PET Data Preprocessing and 5-HT1A Receptor Quantification
PET scans were motion-corrected and spatially normalized to a 5-HT1A receptor distribution template in Montreal Neurological Institute space using SPM8. Spatial normalization of the PET data was carried out using the respective T1-weighted MR images acquired from each subject (Meyer et al., 1999). First PET scans were summed across time and co-registered to the corres- ponding gray matter segment (PET1 to MRI1 and PET2 to MRI2). The transformation matrix obtained from spatial normalization of the MR images (see VBM section) was then applied to the (summed and dynamic) co-registered PET images (Kranz et al., 2012). To prevent unnecessary interpolation, reslicing of dynamic PET images was done only once after application of the nonlinear transformation matrix (while linear transformations were stored in the NIfTI-header). Whole-brain 5-HT1A binding potential maps (BPND; Innis et al., 2007) were computed in PMOD 3.3 (PMOD Technologies, Ltd., Zurich, Switzerland) as previously described (Hahn et al., 2010; Baldinger et al., 2013) with the noninvasive Logan plot (Logan et al., 1996).
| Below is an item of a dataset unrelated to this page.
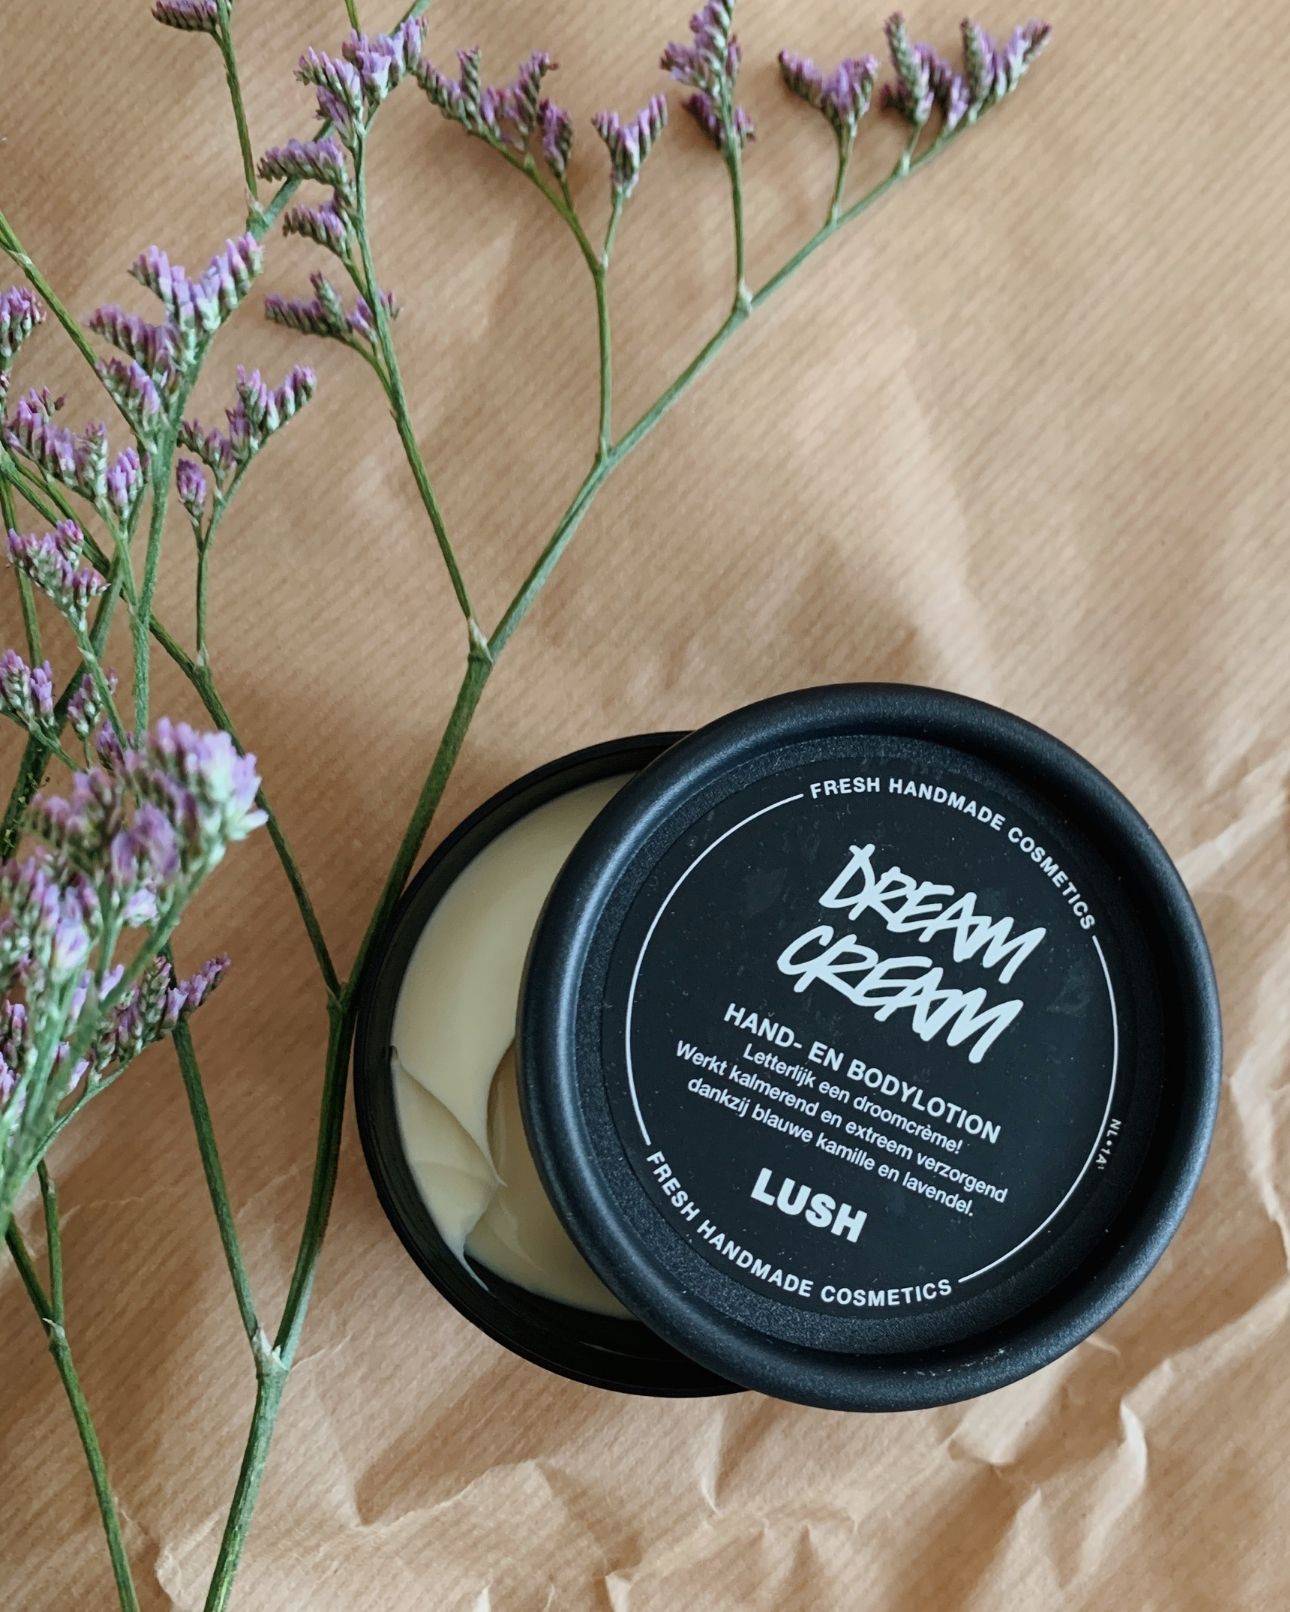 Lush dream cream

The Logan plot displays 2 main advantages: specifically, that it makes no assumption about compartmental configuration and that it shows robustness in presence of noise (Logan et al., 1996), which makes it particularly useful for voxel-wise analyses. Here, the clearance rate of the radiotracer from the reference region to plasma (k2’) was calculated from the insula (receptor-rich region) and cerebellar gray matter (receptor-poor region) (Ichise et al., 2003; Varnas et al., 2004) using the simplified reference tissue model 2 (Wu and Carson, 2002). These regions of interest were taken from an automated anatomical labeling-based atlas (Tzourio-Mazoyer et al., 2002; Savli et al., 2012), whereas the cerebellar gray matter (excluding vermis and sagittal sinus) served as reference region because of negligible specific receptor binding in this area as previously described (Hall et al., 1997; Hahn et al., 2010). The BPND maps were smoothed with a Gaussian filter of 8x8x8mm FWHM.
Statistical Analysis
To compare 5-HT1A receptor binding potential and gray matter volume after Silexan intake versus placebo, a repeated-measures analysis of variance (ANOVA) was computed in SPM8 including 17 (5-HT1A BPND) and 19 subjects (gray matter volume), respectively. To exclude a potential influence of the sequence (Silexan − placebo versus placebo − Silexan), this factor was included as factor of no interest in the statistical analysis. Statistical tests were evaluated at a significance level of α=0.05 corrected for multiple comparisons with the family-wise error rate (FWE) at cluster level following α=0.005 uncorrected voxel level (Friston, 2007). In other words, a cluster represents an ensemble of voxels, which are significant and connected in 3-dimensional space. These clusters were then tested for significance of their spatial extent. Regions of no interest (eg, skull, cerebral blood vessels) were excluded from the statistical analysis.
Results
A total of 25 subjects was included in the study and randomized for the sequence of investigational products. Because of sche- duling interferences and technical problems with the PET scanner, 6 healthy subjects dropped out (absence of available scan time within the predetermined time frame). Overall, 19 subjects terminated study participation regularly. Two of these subjects were excluded from the analysis of PET data due to deficient radioligand synthesis (low specific activity of [carbonyl-11C]WAY-100635). Specification of protocol violations and definition of analysis sets were fixed before breaking the blind. The durations of the treatment periods 1 and 2 were 65.6±6.5 (minimum 57 and maximum 80 days) and 65.4±4.3 days (minimum 58 and maximum 72 days), respectively (n=17 subjects with valid PET data). The wash-out period corresponded to a duration of 16.6±7.8 days (minimum 14 and maximum 47 days).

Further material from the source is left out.